李秋元站在卧室里依旧不敢出去,透过门缝,就看见外面的门锁芯自动转了一下,门一下子开了。

她猝不及防就看见了门外站着的人。

是个介于成年和未成年之间的黑发少年,十六七岁的样子,大约是个高中生。

清冷俊秀的面孔虽然略显青涩,但那一双漆黑的眼睛里却是一片深不见底的寒潭,根本看不出半点稚气,也根本让人无法揣测。

李秋元看着那张脸愣住了,这张面孔有点眼熟,她一定是在哪里见过。

但让她心头狂跳的,是他身前正中央落地的那一根手杖,少年两只手松松搭在上面,看起来散漫矜贵,毫无违和感。
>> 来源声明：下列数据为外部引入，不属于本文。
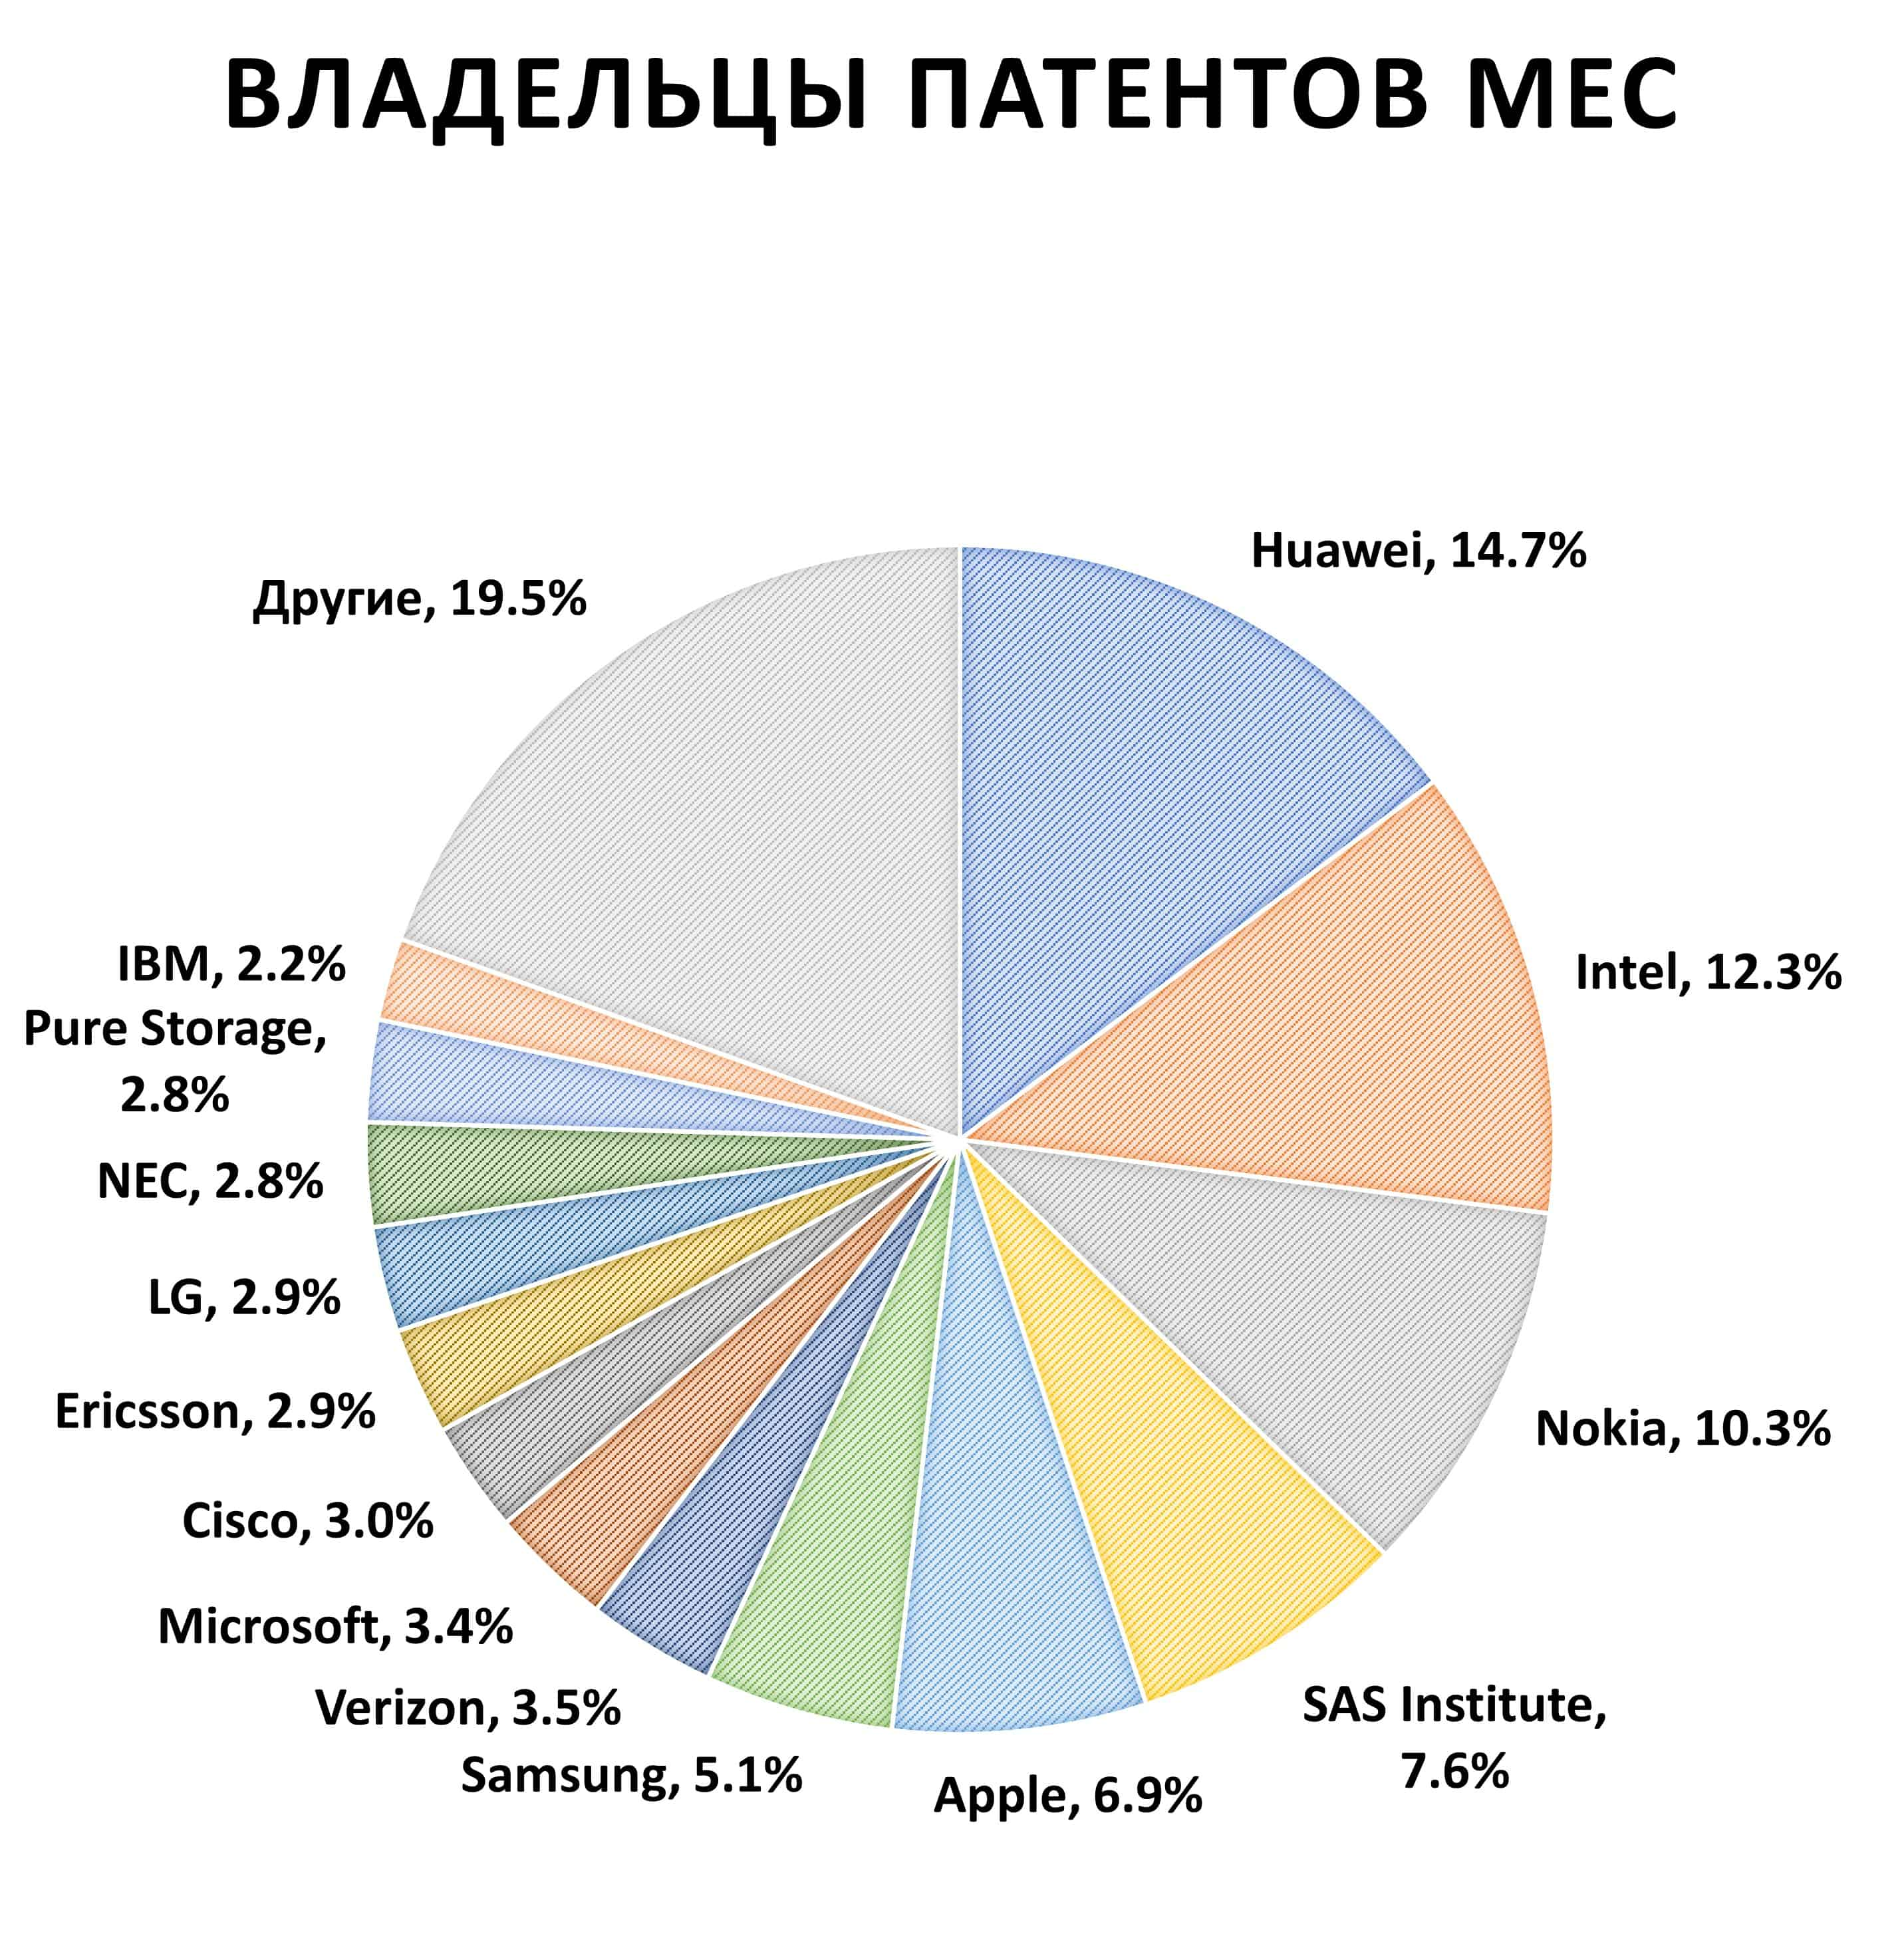 Владельцы патентов на MEC.

李秋元显然是凭手杖认出人的,这是她拜祭过无数次,也是在阴间帮助过她的那位槐树先生。她从屋子里出来,语气有点磕磕绊绊,简直像是对自己的祖宗在说话,“您、您怎么……”

“这具身体的主人刚刚过世,我暂借他身体罢了。”像是知道她的困惑,对方出声解释,然后如入无人之境的进了厨房,哂笑,“你怎么总是往家里带些乱七八糟的东西,秋元?”
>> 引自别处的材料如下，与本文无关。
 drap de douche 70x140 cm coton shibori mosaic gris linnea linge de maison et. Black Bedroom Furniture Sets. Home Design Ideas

他的手杖点了点地面,厨房的窗户位置忽然砰的响了一声,像有什么东西被甩出去了。

李秋元终于想起是在哪里见过这张脸了,下午从超市回来的时候,那个因为心脏病发被抬上救护车的高中男孩就是他。

这男生竟然已经死了?

生命太无常了。

但是这位又为什么会来找她?李秋元还来不及多感慨生命的无常,终于想起来什么,从裤兜摸出玉牌。

难道是因为这个?

然而玉牌刚颤巍巍的递还出去,对方就反应极淡的摇头,“我不是为这个来的,”他目光下垂,视线落在她脖子上的红绳吊坠上,忽然意味不明的笑笑,“我是受人之托来救你命的。”

李秋元瞬间惊悚无比,感觉寒气顺着她的后背往外冒。

“这是什么意思?我要死了?”

“真是聪明的孩子。”

李秋元感觉心里有股火噗噗往外冒,还有点心酸,“为什么,我干了什么就要死?”

“你没干什么,但是你和你奶奶的运气都不怎么好,”对方在客厅的沙发上坐下,轻描淡写的说:“她如今托我来救救你,秋元,一直以来,你就没觉得哪里不对么?”

李秋元压根想不出有哪里不对,“你指的是什么?”

“你总是无缘无故生病,体弱阳虚却没有阴物纠缠,即使有,也很快就消失了,这些你都没想过原因?”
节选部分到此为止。